Although cisplatin can kill cancer, the chemotherapy agent can also cause permanent hearing loss. The drug kills sensory cells of the inner ear, and the effects on the inner ear are likely more severe in persons with the rare form of dwarfism known as Cockayne syndrome.1
Cockayne syndrome results from mutations in 1 of the 2 genes Csa and Csb, which are involved in repairing DNA damage.
“Chemotherapy using the drug cisplatin saves lives by killing rapidly dividing cancer cells, so it is a mystery why a major side effect of treatment is hearing loss caused by the death of the nondividing sensory hair cells of the inner ear,” said Neil Segil, PhD, a professor of research in the Department of Stem Cell Biology and Regenerative Medicine at the Keck School of Medicine of the University of Southern California (USC), and senior author of the study.
“Our studies of a mouse model of Cockayne syndrome are the first to point to the importance of ongoing DNA repair in protecting the sensitive sensory hair cells of the inner ear from such environmental stress. We show that the same mutations, causing Cockayne syndrome in humans, make the sensory hair cells of mice hypersensitive to DNA damage caused by cisplatin chemotherapy.”

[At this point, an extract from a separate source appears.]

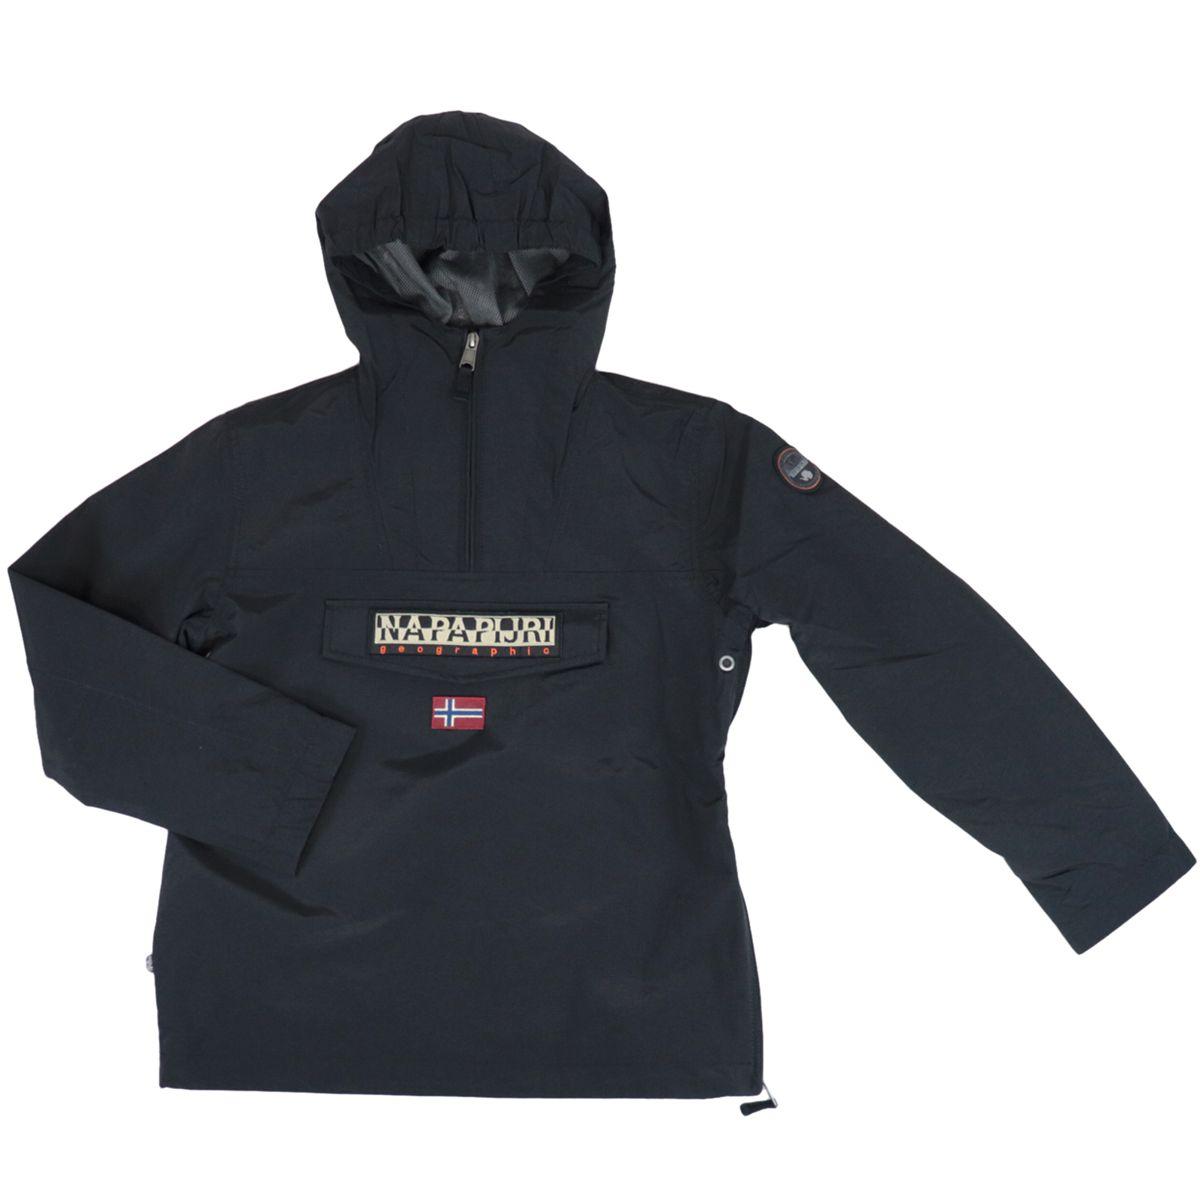 K Rainforest Sum.2 nylon jacket with hood and zip Black NAPAPIJRI

Humans with Cockayne syndrome can experience hearing loss, eye abnormalities, shortness, skeletal deformities, microcephaly, nervous system underdevelopment, an appearance of premature aging, and sun sensitivity.
Cisplatin damages the DNA in cells, which interferes with their ability to proliferate. This interference is expected to have its most pronounced effects on cells that proliferate the most, such as cancer cells, and less effect on cells that are nondividing, such as the sensory cells of the inner ear. In practice, however, cisplatin causes significant death rates for both quickly dividing cancer cells and for the nondividing cells of the inner ear. So, cisplatin is an effective chemotherapy that commonly causes severe hearing loss. Young children who are treated with cisplatin chemotherapy are particularly vulnerable to hearing loss and early hearing loss leads to development delays.
This study examined mice with mutations in Csa and Csb, so they also could not efficiently repair DNA damage and were particularly vulnerable to permanent hearing loss from cisplatin.
“Our cells have several biochemical pathways that they use to repair DNA,” Segil said. “Our findings suggest that one particular pathway, transcription-coupled DNA repair, is a major force for protecting the cells of the inner ear from cisplatin. The impairment of this repair pathway in patients with Cockayne syndrome leaves them particularly vulnerable to severe hearing loss as a side effect of taking this chemotherapy drug.”
1. Rainey RN, Ng SY, Llamas J, et al. Mutations in Cockayne syndrome-associated genes (Csa and Csb) predispose to cisplatin-induced hearing loss in mice. J Neuroscience. 2016;36(17):4758. doi:10.1523/JNEUROSCI.3890-15.2016.